> _What is expected_
The data below is to be written out exactly, with no pictures.

> _Supplied information_
============

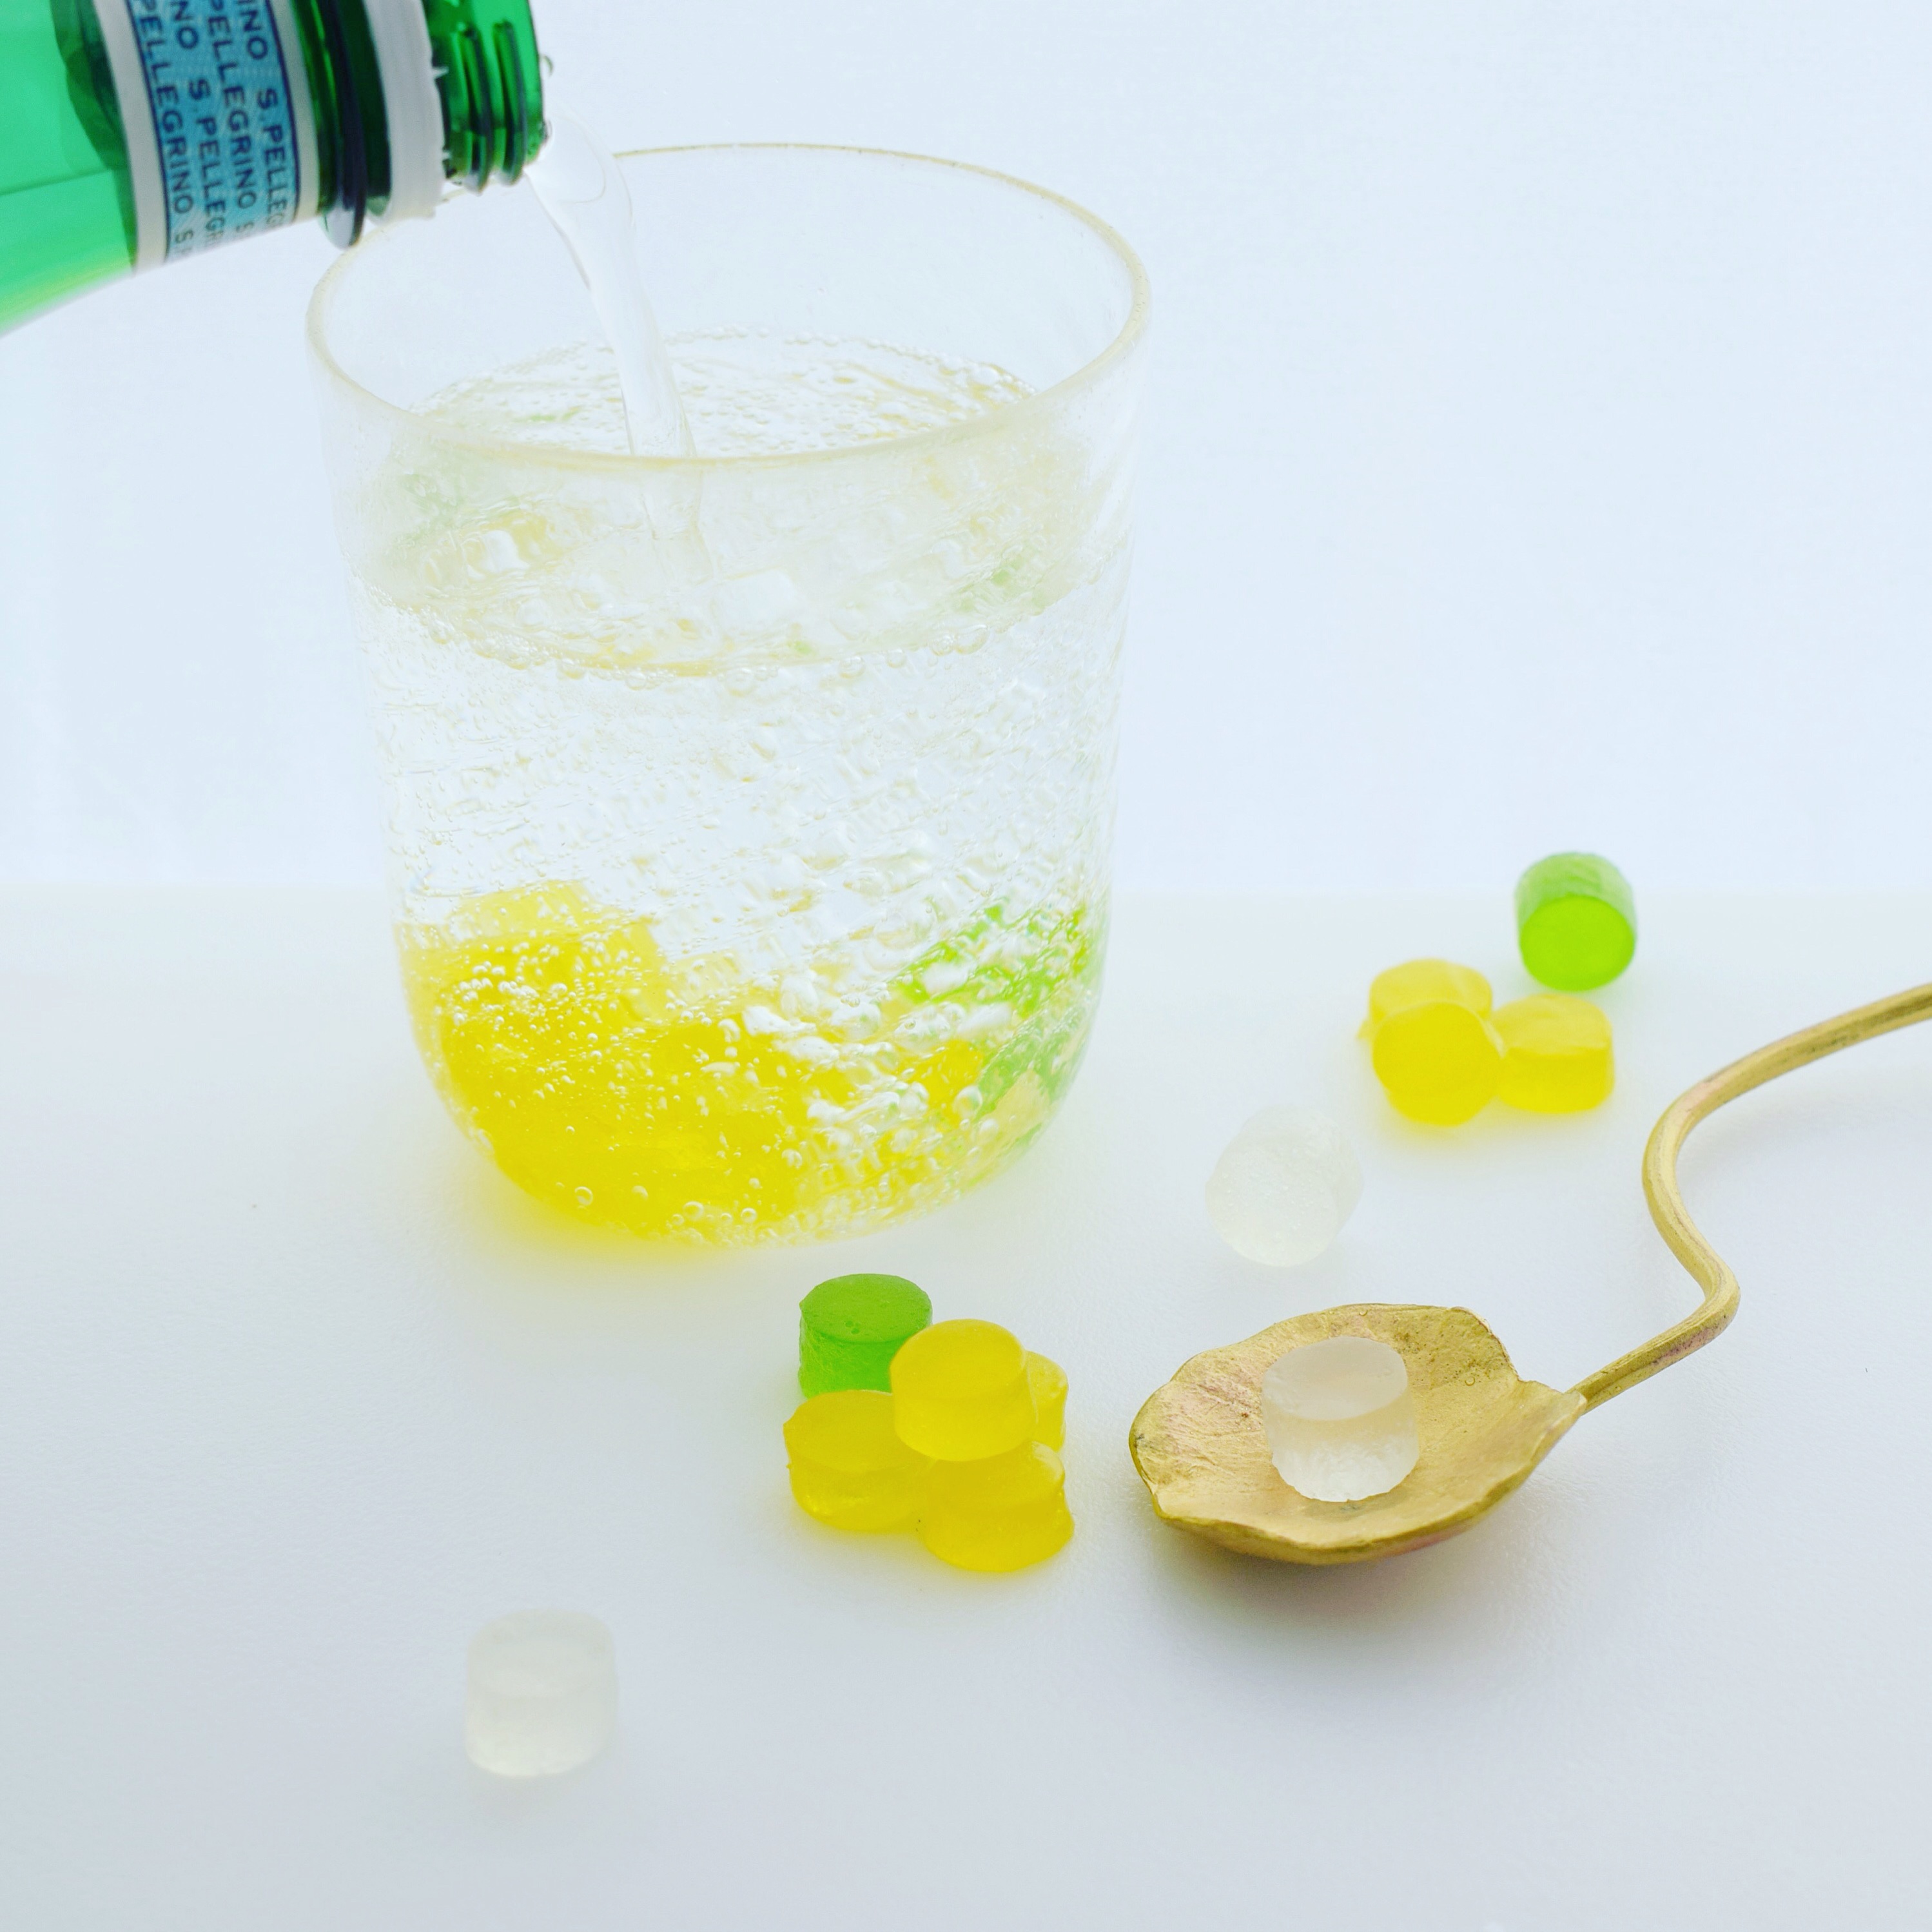 食べられる宝石 ミモザの琥珀糖 こはくとう 琥珀糖の作り方 レシピ アイディア Wagashi Studio
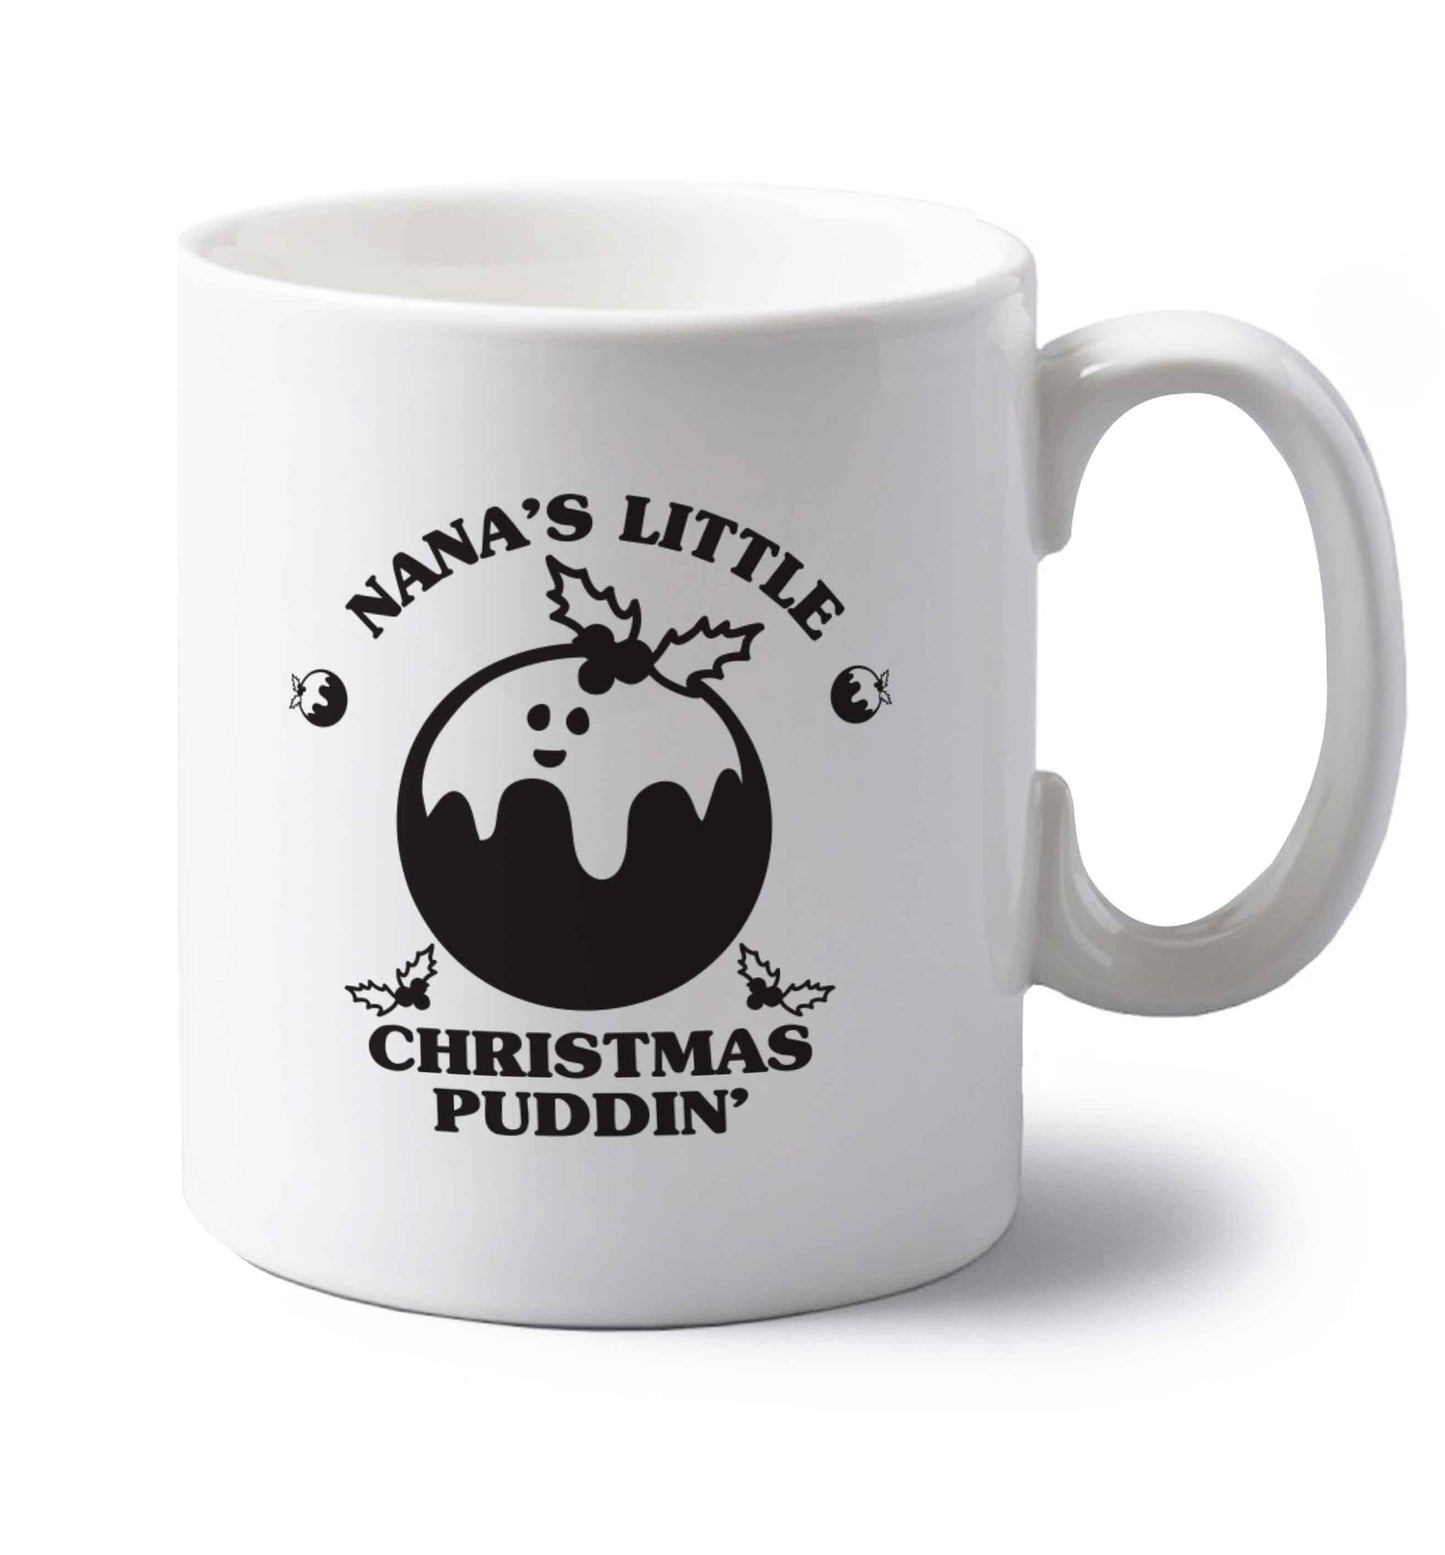 Nana's little Christmas puddin' left handed white ceramic mug 
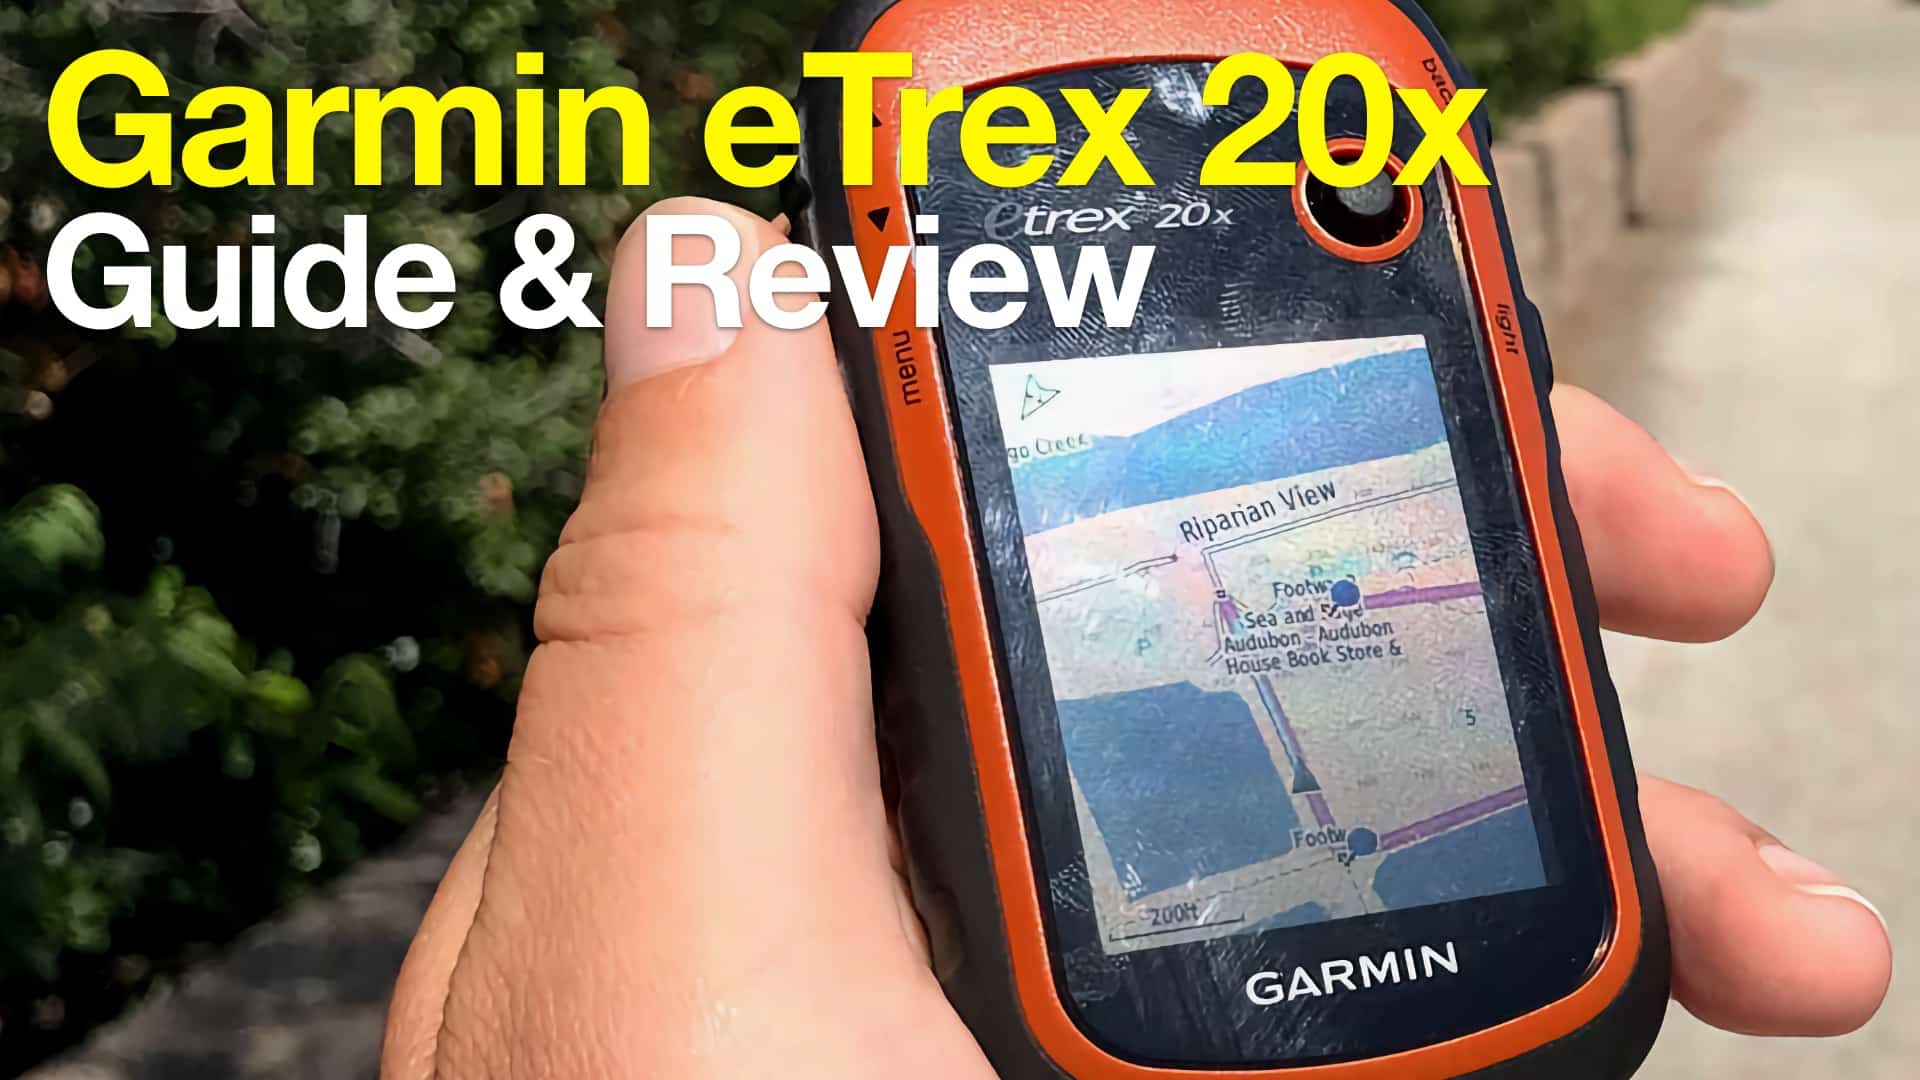 Garmin eTrex 20x Hiking GPS Review - HikingGuy.com
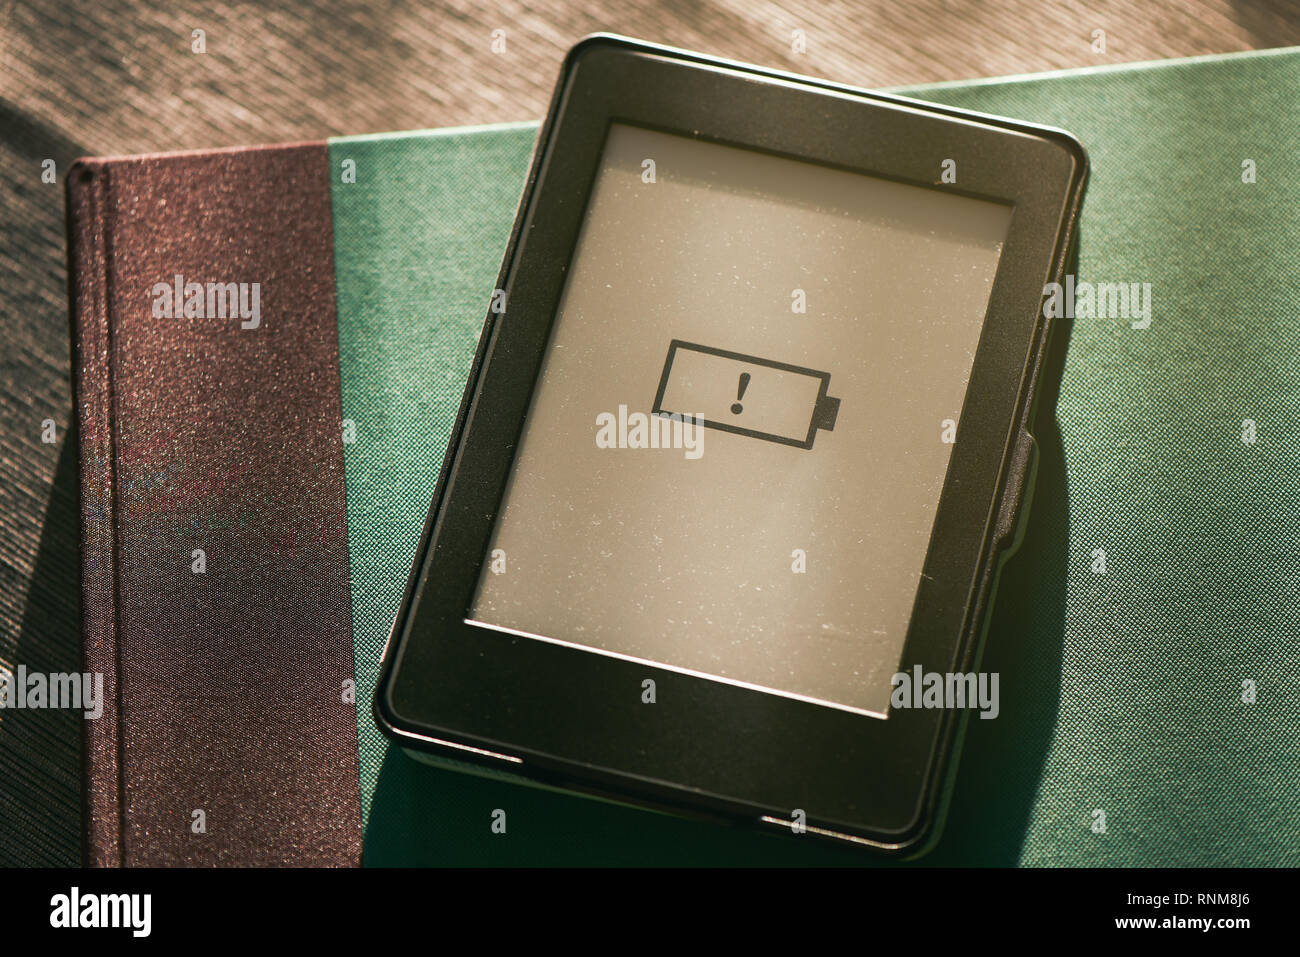 L'icône de batterie faible sur e-book e-reader avec écran soleil chaud Banque D'Images

============

> _Solution to this problem_
 食べられる宝石 ミモザの琥珀糖 こはくとう 琥珀糖の作り方 レシピ アイディア Wagashi Studio
 Nana's little Christmas puddin' left handed white ceramic mug 
 Garmin eTrex 20x Hiking GPS Review - HikingGuy.com
 L'icône de batterie faible sur e-book e-reader avec écran soleil chaud Banque D'Images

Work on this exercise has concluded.